*** Opening Source material ***

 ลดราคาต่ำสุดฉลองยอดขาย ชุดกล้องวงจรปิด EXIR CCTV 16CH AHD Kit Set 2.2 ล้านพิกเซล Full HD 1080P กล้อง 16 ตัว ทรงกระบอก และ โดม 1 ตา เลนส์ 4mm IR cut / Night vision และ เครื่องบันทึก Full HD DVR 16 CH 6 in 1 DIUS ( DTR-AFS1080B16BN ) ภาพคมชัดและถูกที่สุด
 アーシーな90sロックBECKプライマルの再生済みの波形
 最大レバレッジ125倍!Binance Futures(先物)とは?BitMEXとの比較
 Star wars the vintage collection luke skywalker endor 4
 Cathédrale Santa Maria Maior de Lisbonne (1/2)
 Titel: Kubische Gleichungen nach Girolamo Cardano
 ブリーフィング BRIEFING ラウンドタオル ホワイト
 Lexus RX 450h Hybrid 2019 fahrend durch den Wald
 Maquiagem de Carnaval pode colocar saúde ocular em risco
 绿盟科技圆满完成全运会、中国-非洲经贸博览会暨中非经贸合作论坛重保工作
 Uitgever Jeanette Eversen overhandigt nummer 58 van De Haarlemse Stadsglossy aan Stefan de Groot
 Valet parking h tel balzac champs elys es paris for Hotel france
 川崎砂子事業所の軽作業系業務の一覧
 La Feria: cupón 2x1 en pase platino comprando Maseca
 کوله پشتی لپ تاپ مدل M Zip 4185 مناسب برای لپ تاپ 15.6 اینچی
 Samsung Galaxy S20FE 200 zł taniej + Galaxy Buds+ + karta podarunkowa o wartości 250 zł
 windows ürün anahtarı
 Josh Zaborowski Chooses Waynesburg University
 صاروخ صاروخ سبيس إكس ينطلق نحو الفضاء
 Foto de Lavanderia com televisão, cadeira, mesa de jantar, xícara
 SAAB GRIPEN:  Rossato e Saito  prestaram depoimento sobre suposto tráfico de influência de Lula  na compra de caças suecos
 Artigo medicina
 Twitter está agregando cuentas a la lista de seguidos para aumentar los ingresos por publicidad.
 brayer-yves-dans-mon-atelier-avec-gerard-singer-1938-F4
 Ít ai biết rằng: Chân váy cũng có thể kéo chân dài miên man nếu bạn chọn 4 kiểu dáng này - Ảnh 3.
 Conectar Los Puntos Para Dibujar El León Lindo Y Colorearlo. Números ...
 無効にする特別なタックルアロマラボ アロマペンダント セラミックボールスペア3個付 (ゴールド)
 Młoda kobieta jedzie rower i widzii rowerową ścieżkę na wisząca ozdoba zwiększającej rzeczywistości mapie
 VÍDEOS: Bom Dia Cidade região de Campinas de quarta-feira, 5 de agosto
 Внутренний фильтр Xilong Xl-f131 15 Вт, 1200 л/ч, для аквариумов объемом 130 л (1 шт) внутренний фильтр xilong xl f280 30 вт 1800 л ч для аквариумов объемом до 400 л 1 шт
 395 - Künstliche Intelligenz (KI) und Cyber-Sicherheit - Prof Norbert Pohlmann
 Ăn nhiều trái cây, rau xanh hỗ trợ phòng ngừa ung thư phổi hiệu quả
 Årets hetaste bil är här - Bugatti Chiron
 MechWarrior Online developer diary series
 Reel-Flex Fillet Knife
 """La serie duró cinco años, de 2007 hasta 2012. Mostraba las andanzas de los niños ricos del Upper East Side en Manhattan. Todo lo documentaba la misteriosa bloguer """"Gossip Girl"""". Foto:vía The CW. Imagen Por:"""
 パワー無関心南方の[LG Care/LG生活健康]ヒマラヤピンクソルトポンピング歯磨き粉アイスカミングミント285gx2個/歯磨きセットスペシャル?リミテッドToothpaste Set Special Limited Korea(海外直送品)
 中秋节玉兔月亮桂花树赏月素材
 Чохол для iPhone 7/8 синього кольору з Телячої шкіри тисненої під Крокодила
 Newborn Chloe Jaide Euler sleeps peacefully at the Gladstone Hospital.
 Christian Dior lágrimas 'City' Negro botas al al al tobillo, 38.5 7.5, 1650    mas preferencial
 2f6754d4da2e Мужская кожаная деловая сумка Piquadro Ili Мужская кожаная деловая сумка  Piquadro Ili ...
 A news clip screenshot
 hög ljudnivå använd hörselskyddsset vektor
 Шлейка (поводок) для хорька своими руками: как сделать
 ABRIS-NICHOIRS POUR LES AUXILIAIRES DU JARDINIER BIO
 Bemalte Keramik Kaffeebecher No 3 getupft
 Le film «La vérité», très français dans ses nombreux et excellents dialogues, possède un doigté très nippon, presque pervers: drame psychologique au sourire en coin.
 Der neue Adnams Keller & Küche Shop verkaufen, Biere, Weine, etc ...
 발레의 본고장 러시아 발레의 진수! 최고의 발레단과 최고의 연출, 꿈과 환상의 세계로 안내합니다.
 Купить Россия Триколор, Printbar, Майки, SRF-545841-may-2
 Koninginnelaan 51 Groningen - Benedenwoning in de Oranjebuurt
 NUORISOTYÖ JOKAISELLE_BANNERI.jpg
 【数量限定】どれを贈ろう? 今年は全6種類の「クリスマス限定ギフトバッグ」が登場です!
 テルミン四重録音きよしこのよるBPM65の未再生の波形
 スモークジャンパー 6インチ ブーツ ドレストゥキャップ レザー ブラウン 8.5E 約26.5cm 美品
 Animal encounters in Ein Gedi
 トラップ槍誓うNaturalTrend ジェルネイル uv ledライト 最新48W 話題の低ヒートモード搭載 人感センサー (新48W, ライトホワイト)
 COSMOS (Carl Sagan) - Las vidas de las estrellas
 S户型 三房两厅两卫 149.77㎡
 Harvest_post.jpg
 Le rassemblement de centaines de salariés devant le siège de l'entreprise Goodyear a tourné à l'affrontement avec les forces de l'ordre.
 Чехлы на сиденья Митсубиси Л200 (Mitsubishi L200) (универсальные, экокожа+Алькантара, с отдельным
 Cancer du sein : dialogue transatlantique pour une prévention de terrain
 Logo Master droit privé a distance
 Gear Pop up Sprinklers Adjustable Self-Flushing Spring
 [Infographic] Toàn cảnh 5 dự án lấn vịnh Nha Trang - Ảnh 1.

*** Closing Source material ***

## What to work on
From the records above, give again exactly the lines running from the line with "2f6754d4da2e Мужская кожаная" to the line with "sourire en coin.", inclusive.

## Task output
 2f6754d4da2e Мужская кожаная деловая сумка Piquadro Ili Мужская кожаная деловая сумка  Piquadro Ili ...
 A news clip screenshot
 hög ljudnivå använd hörselskyddsset vektor
 Шлейка (поводок) для хорька своими руками: как сделать
 ABRIS-NICHOIRS POUR LES AUXILIAIRES DU JARDINIER BIO
 Bemalte Keramik Kaffeebecher No 3 getupft
 Le film «La vérité», très français dans ses nombreux et excellents dialogues, possède un doigté très nippon, presque pervers: drame psychologique au sourire en coin.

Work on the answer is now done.